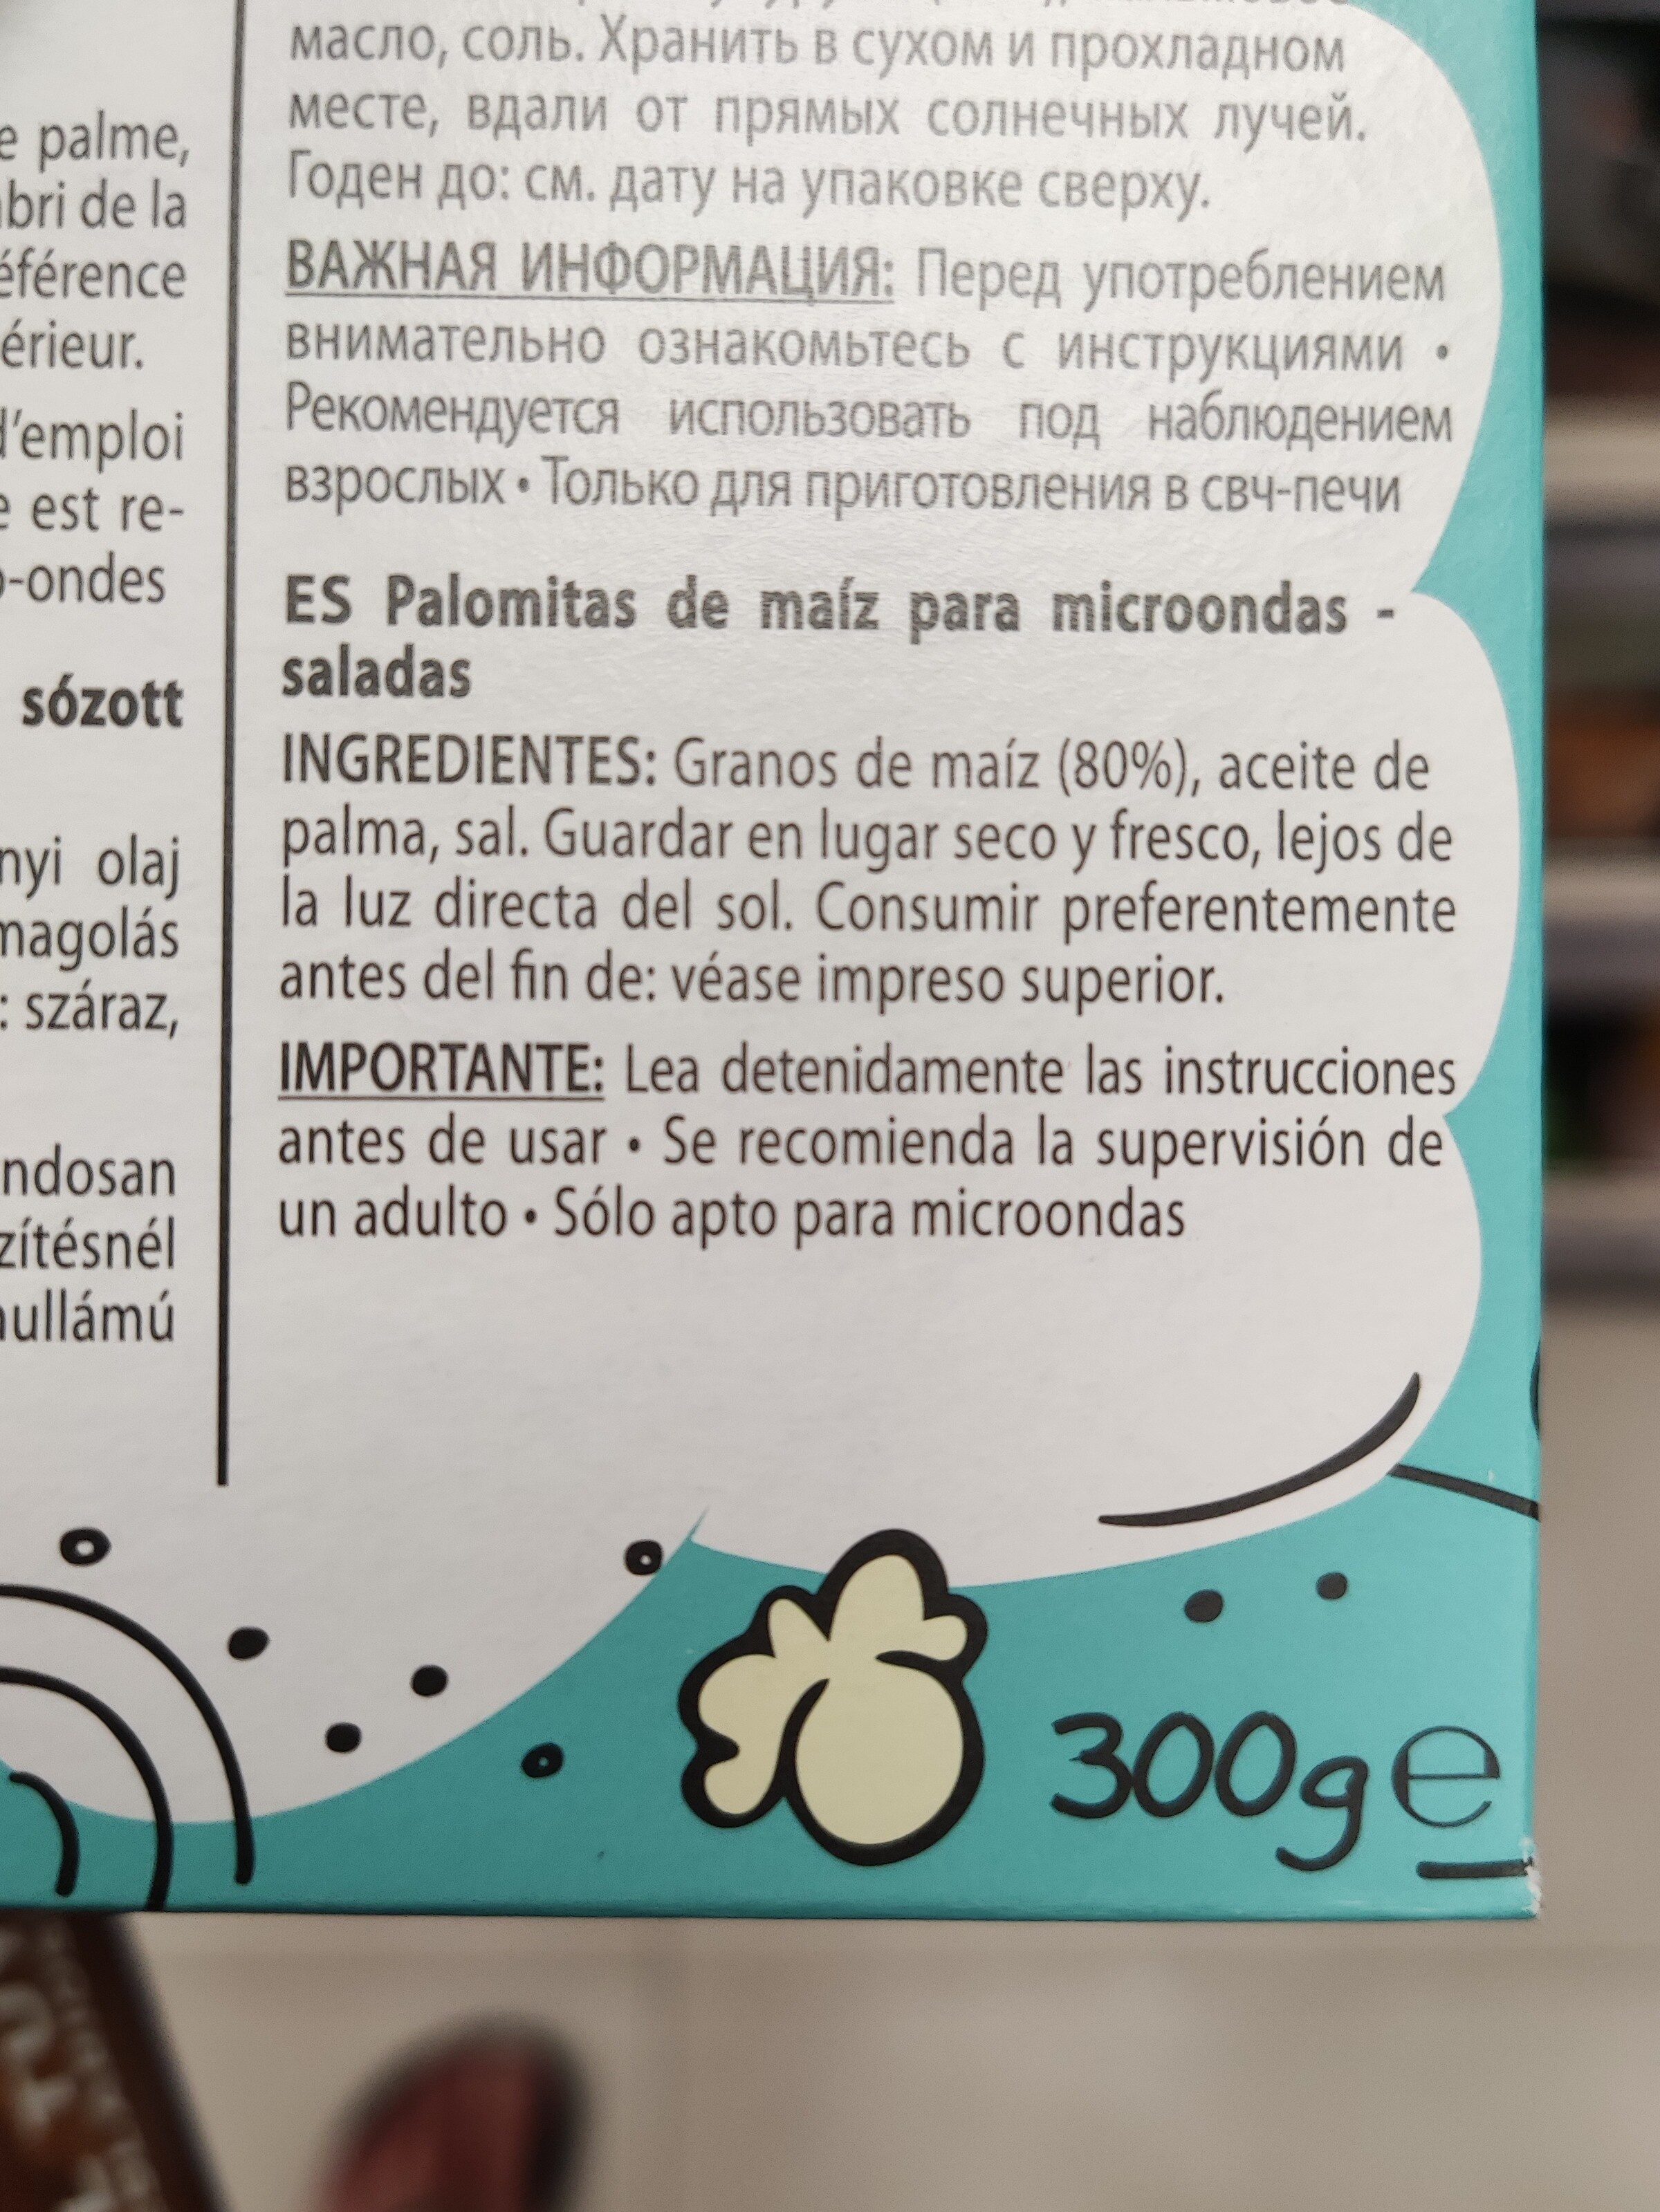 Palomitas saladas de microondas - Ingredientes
--
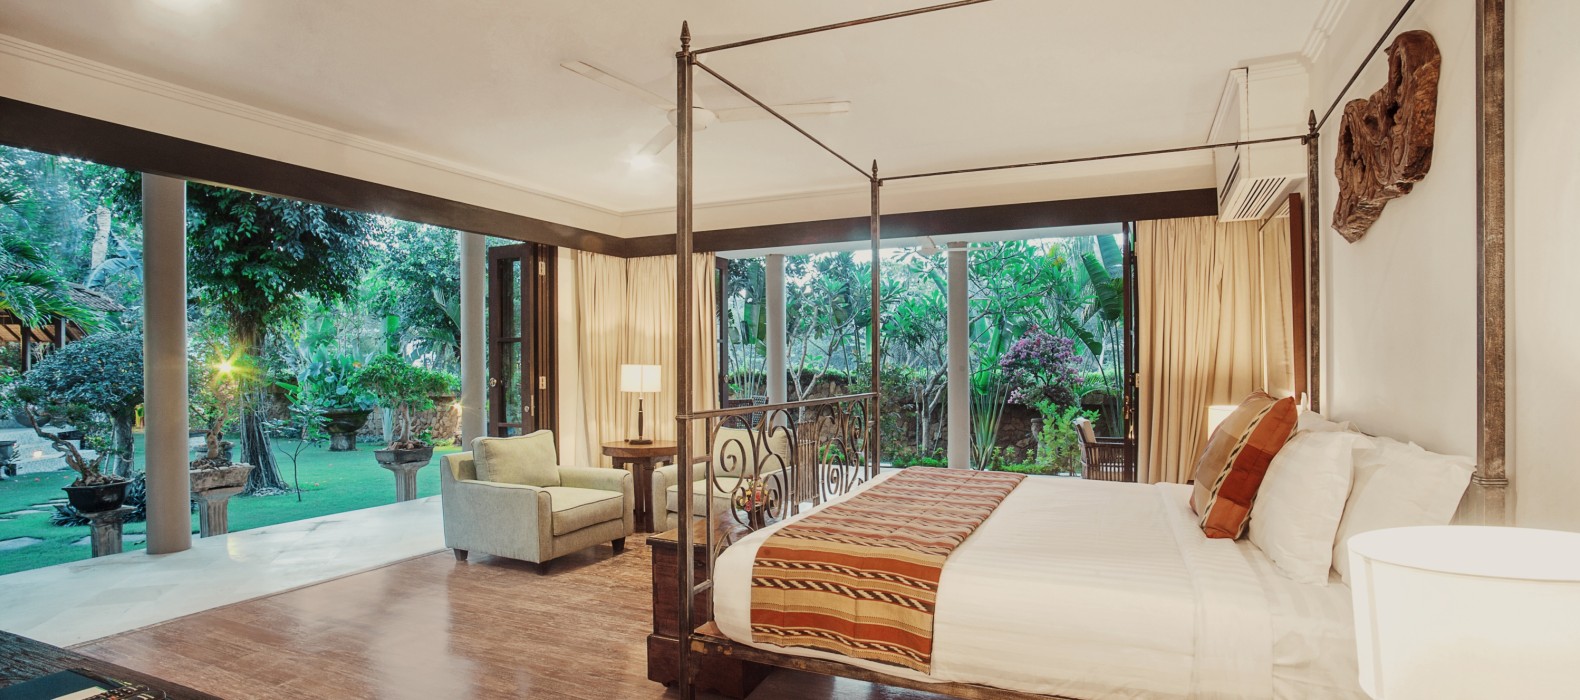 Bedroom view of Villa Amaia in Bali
---
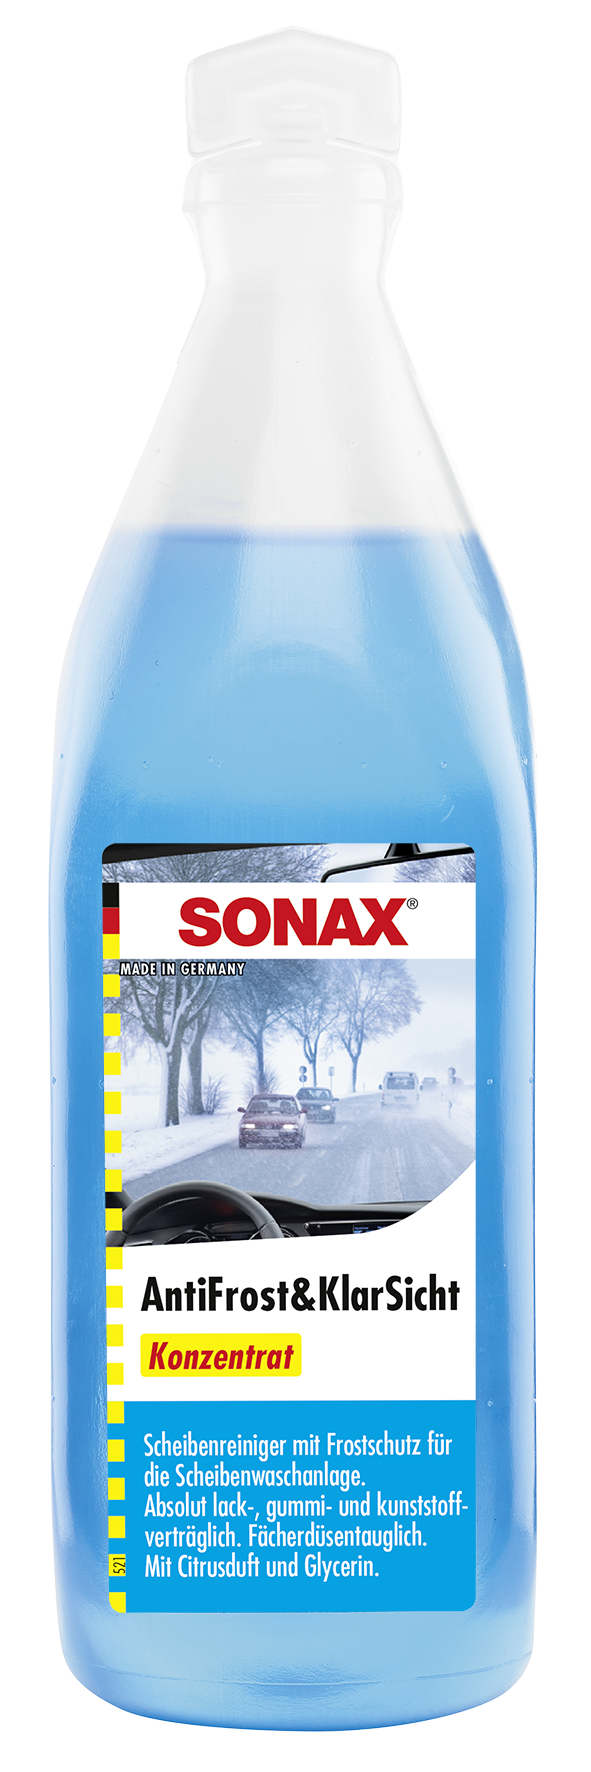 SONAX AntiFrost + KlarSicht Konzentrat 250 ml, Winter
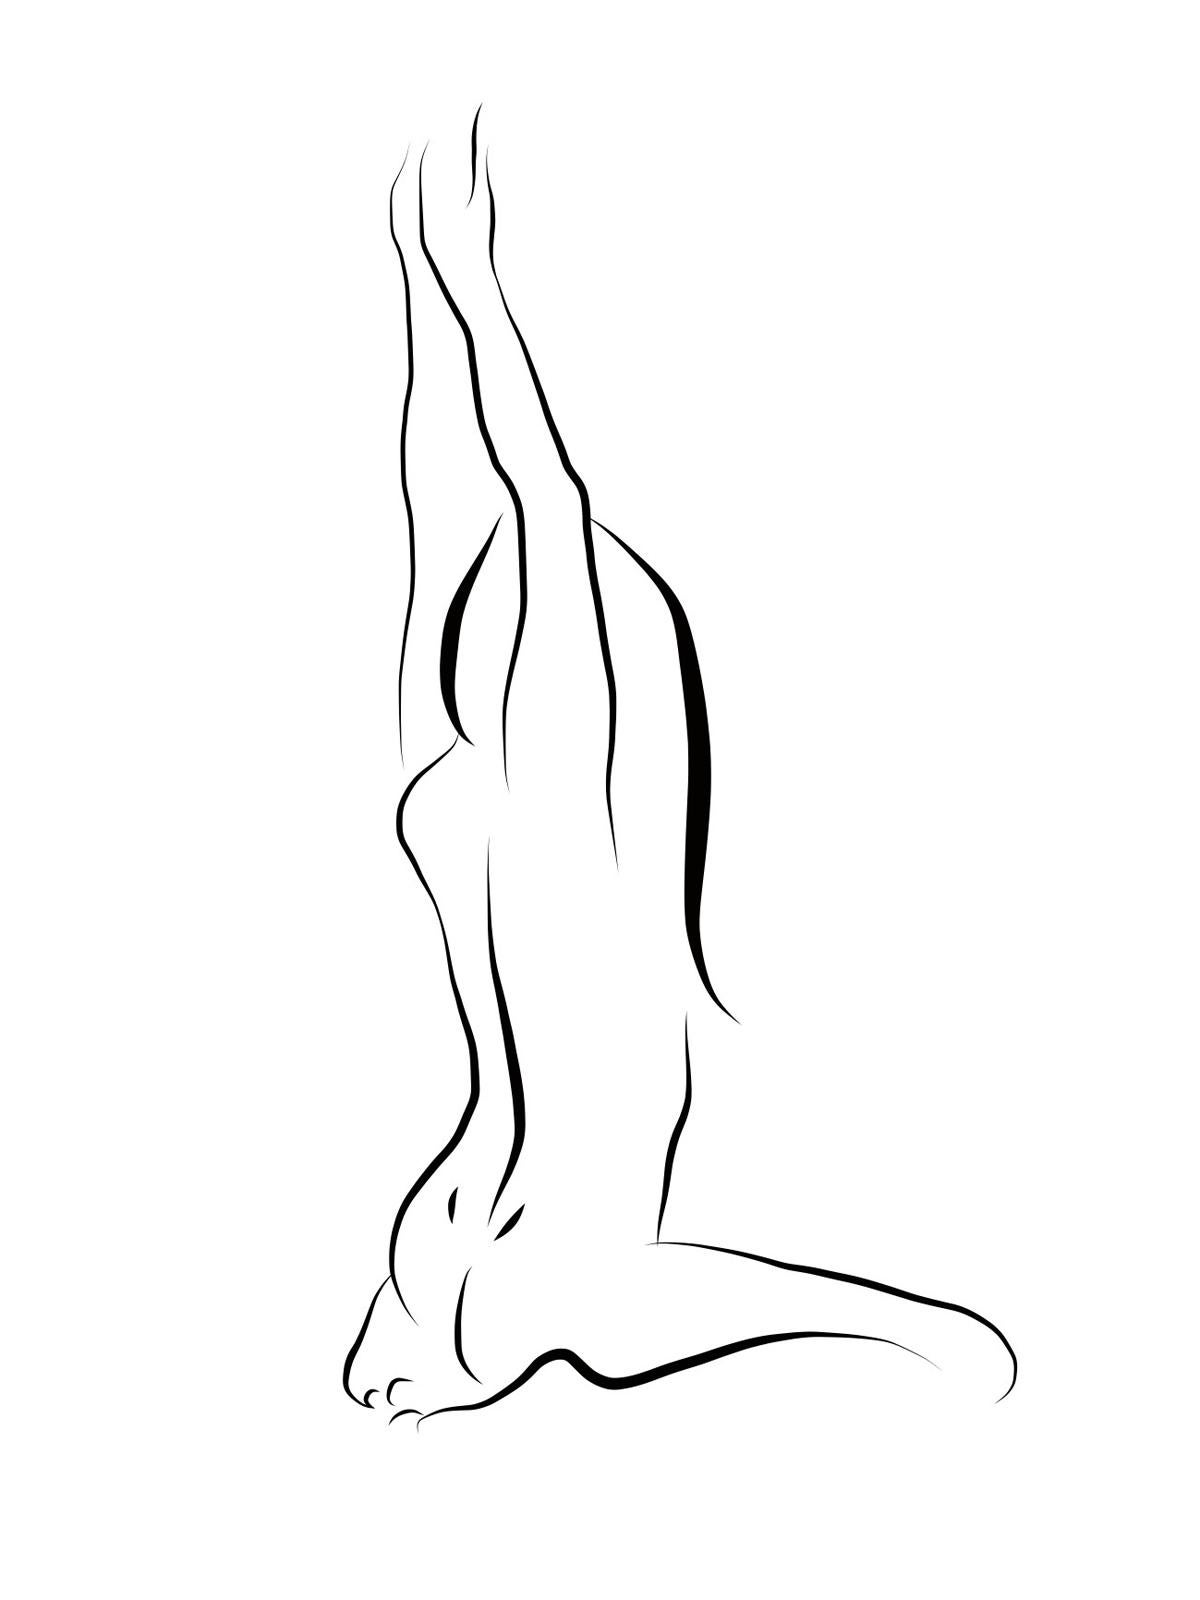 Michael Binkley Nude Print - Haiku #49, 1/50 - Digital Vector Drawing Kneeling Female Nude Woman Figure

» **Exercise prompt**: Taking the records above, print only and exactly the lines from the line with "SONAX AntiFrost +" to the line with "Michael Binkley Nude", both kept, and exclude pictures.

» **Finished exercise**:
 SONAX AntiFrost + KlarSicht Konzentrat 250 ml, Winter
 Michael Binkley Nude Print - Haiku #49, 1/50 - Digital Vector Drawing Kneeling Female Nude Woman Figure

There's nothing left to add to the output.